Let’s get the obvious one out of the way. Simply put, consuming large amounts of carbohydrates, in this case, simple carbohydrates widely contributes to fat storage. Carbohydrates are broken down into glucose molecules upon entering into the small intestines which will then be absorbed by the bloodstream. In response to the increase in blood glucose levels, the pancreas will secrete more insulin hormones to regulate the blood sugar levels and preventing it from going too high. Insulin is an anabolic hormone that regulates the metabolism of carbohydrates, proteins and fat and promotes the uptake, reabsorption and build-up of macro-molecules. It allows glucose from the bloodstream to enter body cells which will be then use as energy. If there are more glucose than the cells need at the moment and the blood glucose levels are still high, any excess glucose will be stored as fat in the fat cells to be use later. If you consume more than you burn for long period of time, the stored fat gets accumulated into the fat cells, making it larger and heavier thus leading to weight gain.

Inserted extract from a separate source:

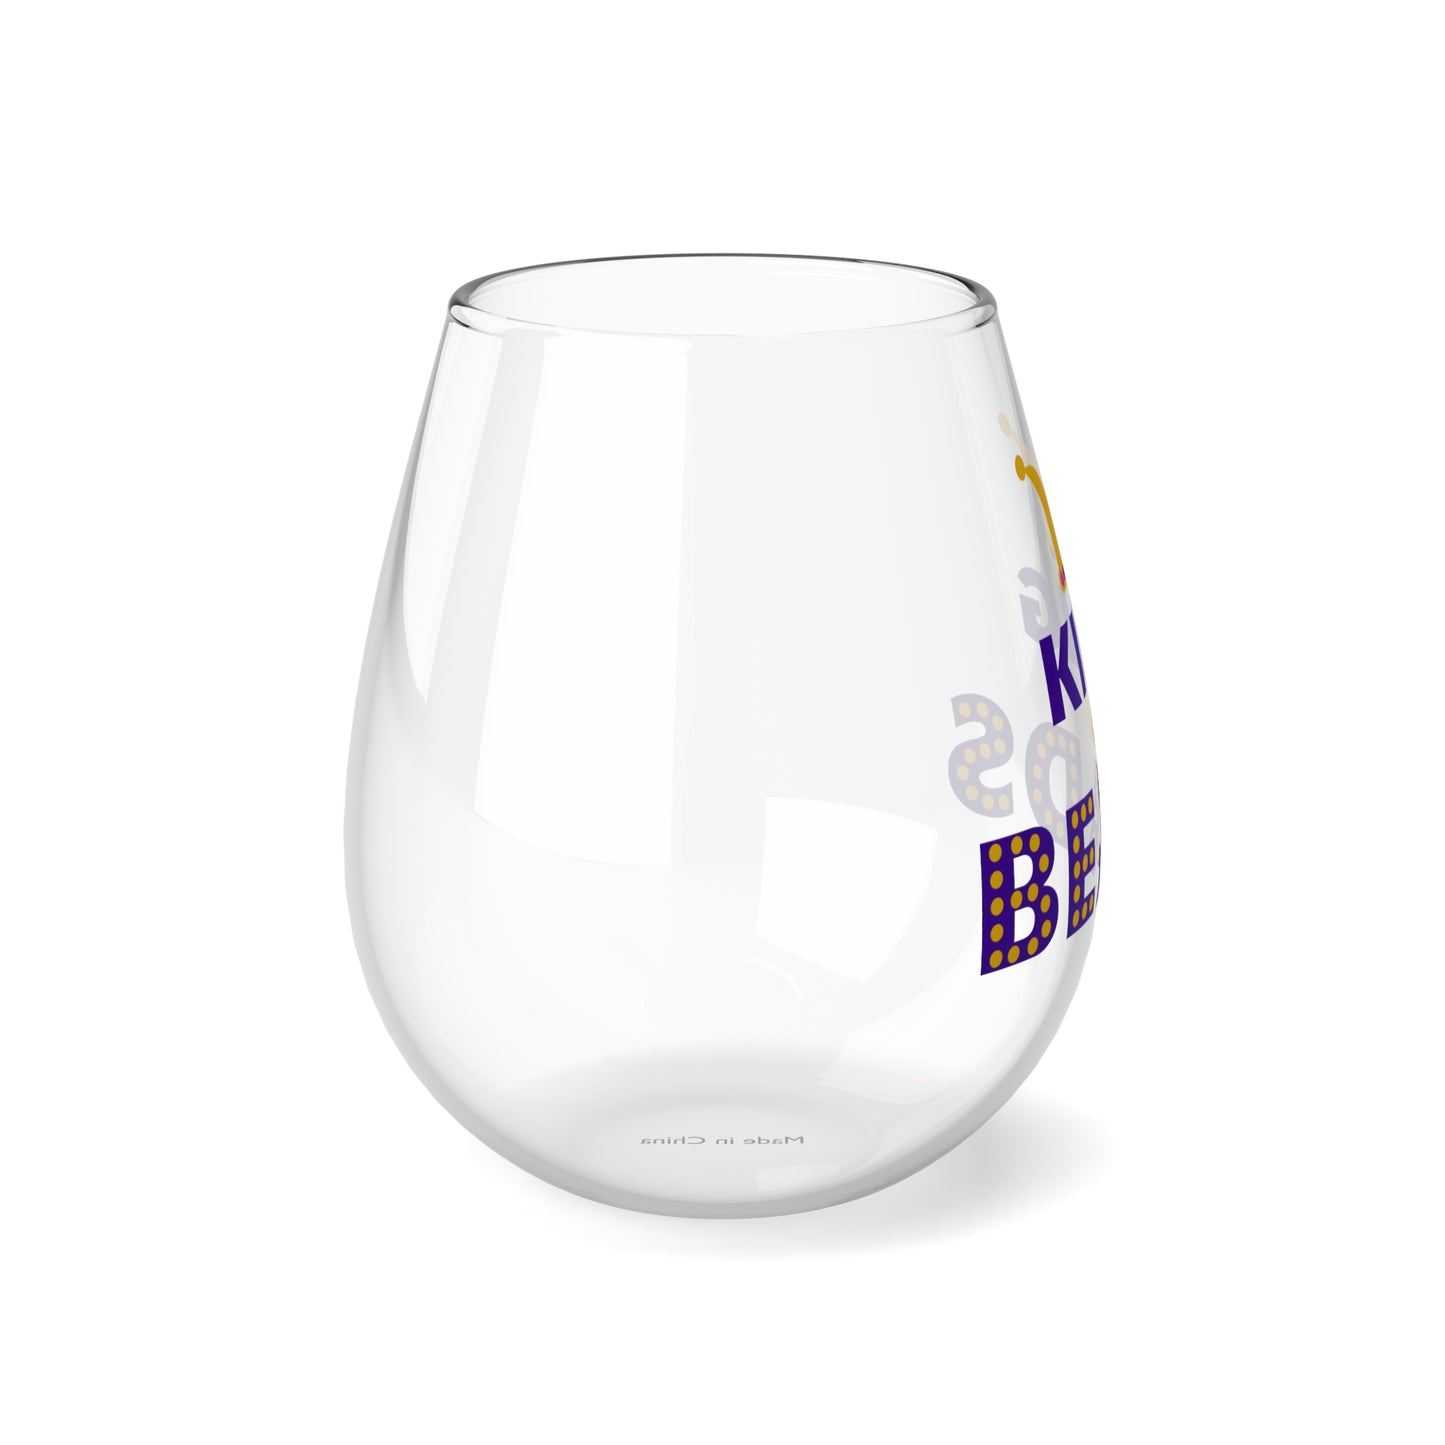 King of Beads Stemless Wine Glass, 11.75oz

5.  Work out helps burn fat.

Maintaining muscle tissues uses quite a bit of energy which means the more muscles you have, the more energy you burn even at rest but this is only burning the glycogen and fat reserves in your muscles. In the concept of losing weight, your primary goal is to burn fat reserves stored in the fat cells. For the body to do that, the muscle needs to deplete first its glycogen and fat reserves for it to use the glucose from the bloodstream thus decreasing blood glucose levels. In response to the decrease in blood glucose levels, the pancreas will secrete more glucagon hormones to regulate the blood sugar levels and preventing it from going too low. Glucagon is a catabolic hormone which, like insulin, also regulates the metabolism of carbohydrates, proteins and fat but unlike insulin, it promotes the breakdown of macro-molecules, releasing stored energy. It will stimulate the liver to breakdown its glycogen reserves into glucose releasing it into the bloodstream. For the liver to keep up with the glucose demand of the body, the fats cells will start breaking down its stored fat into free fatty acids and glycerol. The free fatty acids will be used by the heart as energy and the glycerol will be used by the liver to create more glucose and releasing it into the bloodstream. The importance of having to regulate blood glucose levels is to provide the body with readily available glucose supply. By working out, you’re speeding up the depletion of glycogen and fat reserves in your body thus increasing the rate of burning fat. Even after you worked out, you’re will still burn fat because by that time, the stored energy reserves were already been depleted.


Endnote

As you can see, I came up with this list as a way to introduce the important hormones involved in losing weight. These hormones play a vital role in not just weight management but also in our overall health. How our body reacts to blood glucose levels and food intake tells us how too much of good thing might turn out to be a bad thing. I hope this list had shed some light about the subject. I wish you good luck and have a great day.